Prove that $L^{\infty}$ and $L^{2}$ metrics on $C([a,b])$ are not equivalent.
First, I can see there are many examples which converges in $L^{2}$, not in $L^{\infty}$.
Second, for the finite interval, I can see $L^{\infty}$ convergence implies $L^{2}$.
(I think for all $p \in [1,\infty)$, $L^{\infty}$ convergence implies $L^{p}$)
But I'm not sure I can say '$L^{\infty}$ convergence implies $L^{2}$' for infinite interval.
since for the second one, $\parallel f_{n} - f\parallel_{2} \leq \parallel f_{n} - f\parallel_{\infty} \dot (b-a)^{1/2}$
Can anyone help me prove or give counter example?

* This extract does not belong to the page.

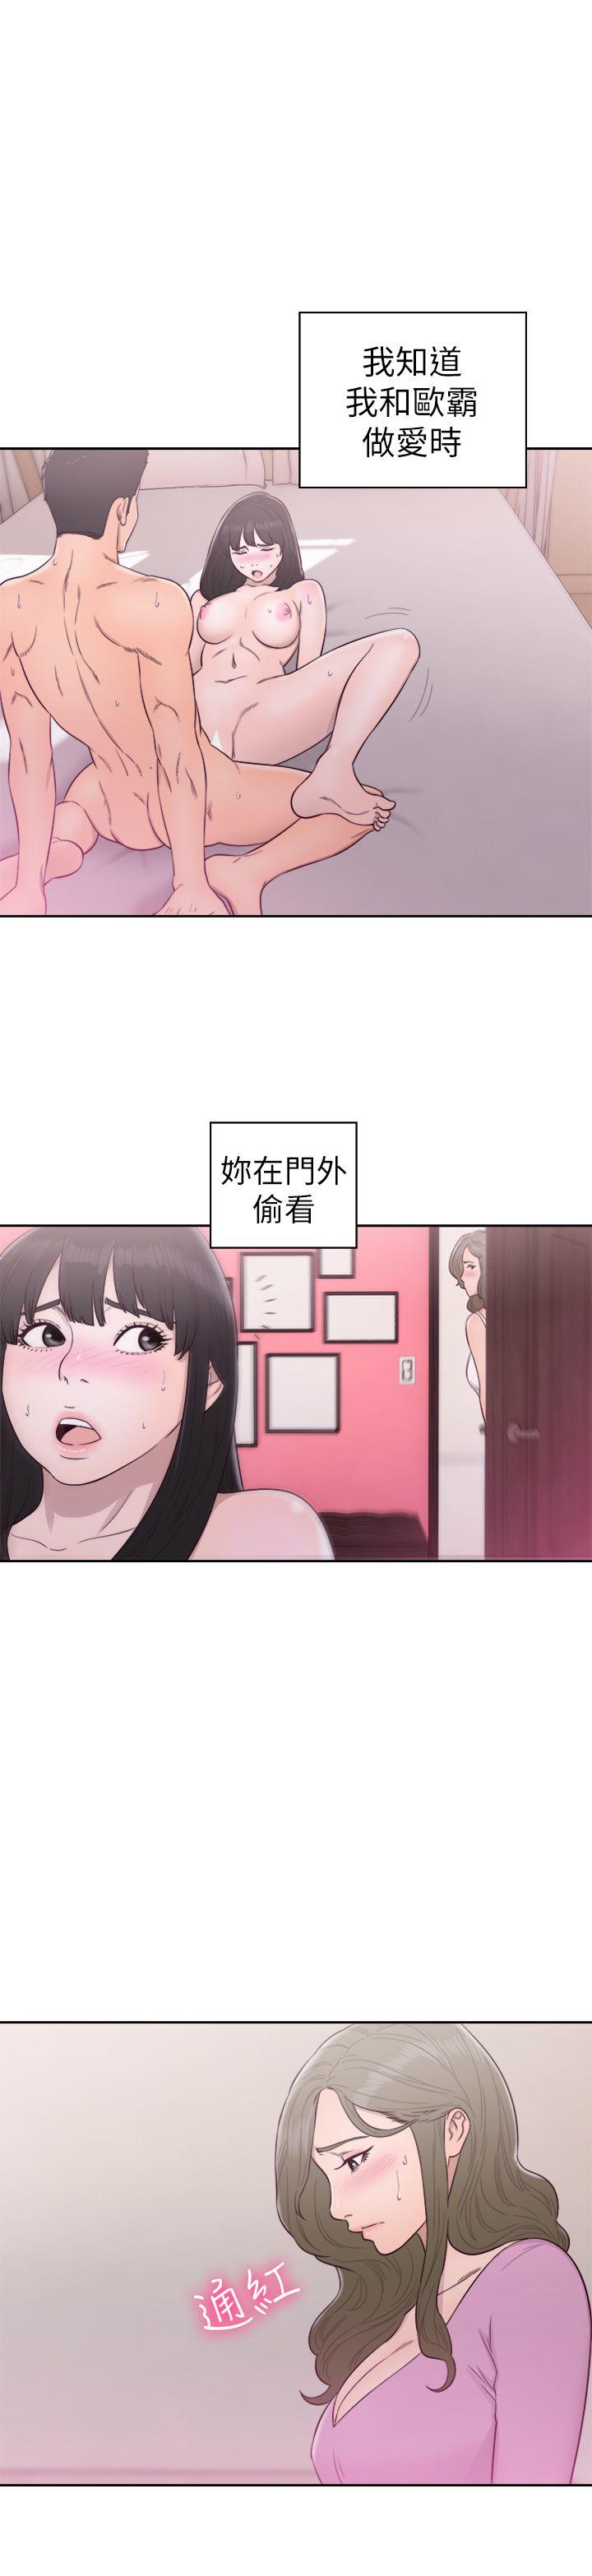 韩国污漫画 解禁:初始的快感 第50话 31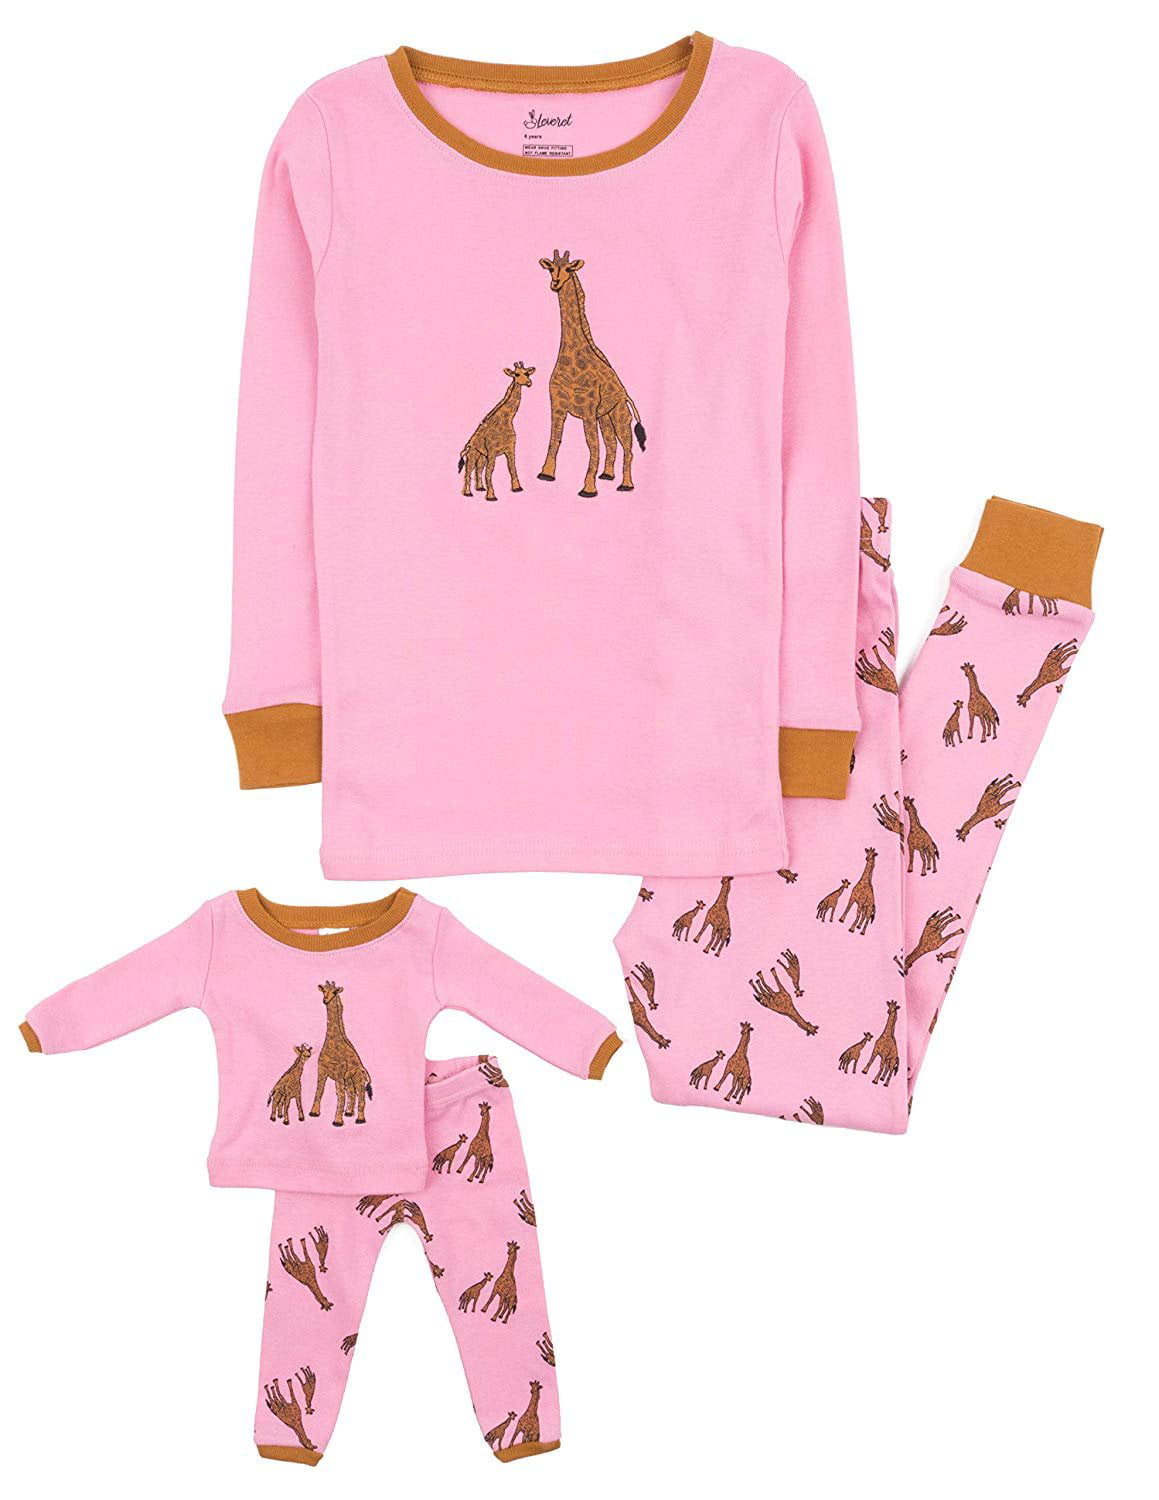 Little Girls Pajamas Baby Children Horse Pyjamas 100% Cotton Pink Toddler Sleepwear

Everything you've said is correct. On an infinite interval, $L^\infty$ convergence does not imply $L^2$ convergence. The constant functions $f_n = \frac 1n$ are in $C([0,\infty))$ and converge to zero in $L^\infty$, but they are not in $L^2$, so they certainly don't converge in $L^2$.
Even if you restrict to functions which are in $C([0,\infty))\cap L^2([0,\infty)) \cap L^\infty([0,\infty))$, it doesn't hold. I think I have the details right here, but certainly the idea is correct: take $$f_n(x) = \left\{ \begin{matrix} \frac 1 {n^{3/2}}\sqrt{x-n^2}, & n^2 < x \le 2n^2, \\ \frac 1 {n^{3/2}}\sqrt{3n^2-x}, & 2n^2 < x \le 3n^2, \\ 0, & \text{otherwise} \end{matrix} \right.$$ Then $\lvert f_n\rvert \le \frac{1}{n^{1/2}}$ which shows that $f_n \to 0$ in $L^\infty$. However, each $f_n^2$ has a graph that is a triangle of height $1/n$ and a base of length $2n^2$, meaning that $\|f_n\|^2_2 = n \to \infty$.